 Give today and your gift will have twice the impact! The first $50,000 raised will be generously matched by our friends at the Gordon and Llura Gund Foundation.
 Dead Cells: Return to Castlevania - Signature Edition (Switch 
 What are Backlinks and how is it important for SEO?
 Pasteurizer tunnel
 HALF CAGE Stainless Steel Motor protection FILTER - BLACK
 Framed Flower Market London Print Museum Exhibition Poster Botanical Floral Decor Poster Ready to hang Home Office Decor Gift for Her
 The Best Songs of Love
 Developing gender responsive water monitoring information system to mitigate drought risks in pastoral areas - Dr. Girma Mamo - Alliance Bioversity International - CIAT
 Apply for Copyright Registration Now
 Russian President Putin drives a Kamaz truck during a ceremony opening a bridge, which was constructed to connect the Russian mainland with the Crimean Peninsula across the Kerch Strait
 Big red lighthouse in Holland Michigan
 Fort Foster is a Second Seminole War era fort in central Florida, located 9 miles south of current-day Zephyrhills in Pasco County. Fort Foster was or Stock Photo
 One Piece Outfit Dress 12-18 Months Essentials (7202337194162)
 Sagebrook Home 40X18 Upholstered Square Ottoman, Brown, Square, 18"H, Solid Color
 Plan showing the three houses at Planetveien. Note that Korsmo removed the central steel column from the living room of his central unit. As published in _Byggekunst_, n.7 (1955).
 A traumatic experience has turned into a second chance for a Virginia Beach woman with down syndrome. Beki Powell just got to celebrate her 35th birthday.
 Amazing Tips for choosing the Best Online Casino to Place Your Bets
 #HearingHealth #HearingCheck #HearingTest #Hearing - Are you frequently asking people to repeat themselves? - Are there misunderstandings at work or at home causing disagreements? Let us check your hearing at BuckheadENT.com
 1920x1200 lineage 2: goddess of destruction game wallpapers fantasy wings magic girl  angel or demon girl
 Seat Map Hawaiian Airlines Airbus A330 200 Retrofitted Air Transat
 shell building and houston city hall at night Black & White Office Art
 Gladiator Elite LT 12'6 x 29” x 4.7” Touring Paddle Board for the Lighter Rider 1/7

+++

An exact transcription of the lines from the start of the listing through the line bearing "Sagebrook Home 40X18" is the whole answer.

 Give today and your gift will have twice the impact! The first $50,000 raised will be generously matched by our friends at the Gordon and Llura Gund Foundation.
 Dead Cells: Return to Castlevania - Signature Edition (Switch 
 What are Backlinks and how is it important for SEO?
 Pasteurizer tunnel
 HALF CAGE Stainless Steel Motor protection FILTER - BLACK
 Framed Flower Market London Print Museum Exhibition Poster Botanical Floral Decor Poster Ready to hang Home Office Decor Gift for Her
 The Best Songs of Love
 Developing gender responsive water monitoring information system to mitigate drought risks in pastoral areas - Dr. Girma Mamo - Alliance Bioversity International - CIAT
 Apply for Copyright Registration Now
 Russian President Putin drives a Kamaz truck during a ceremony opening a bridge, which was constructed to connect the Russian mainland with the Crimean Peninsula across the Kerch Strait
 Big red lighthouse in Holland Michigan
 Fort Foster is a Second Seminole War era fort in central Florida, located 9 miles south of current-day Zephyrhills in Pasco County. Fort Foster was or Stock Photo
 One Piece Outfit Dress 12-18 Months Essentials (7202337194162)
 Sagebrook Home 40X18 Upholstered Square Ottoman, Brown, Square, 18"H, Solid Color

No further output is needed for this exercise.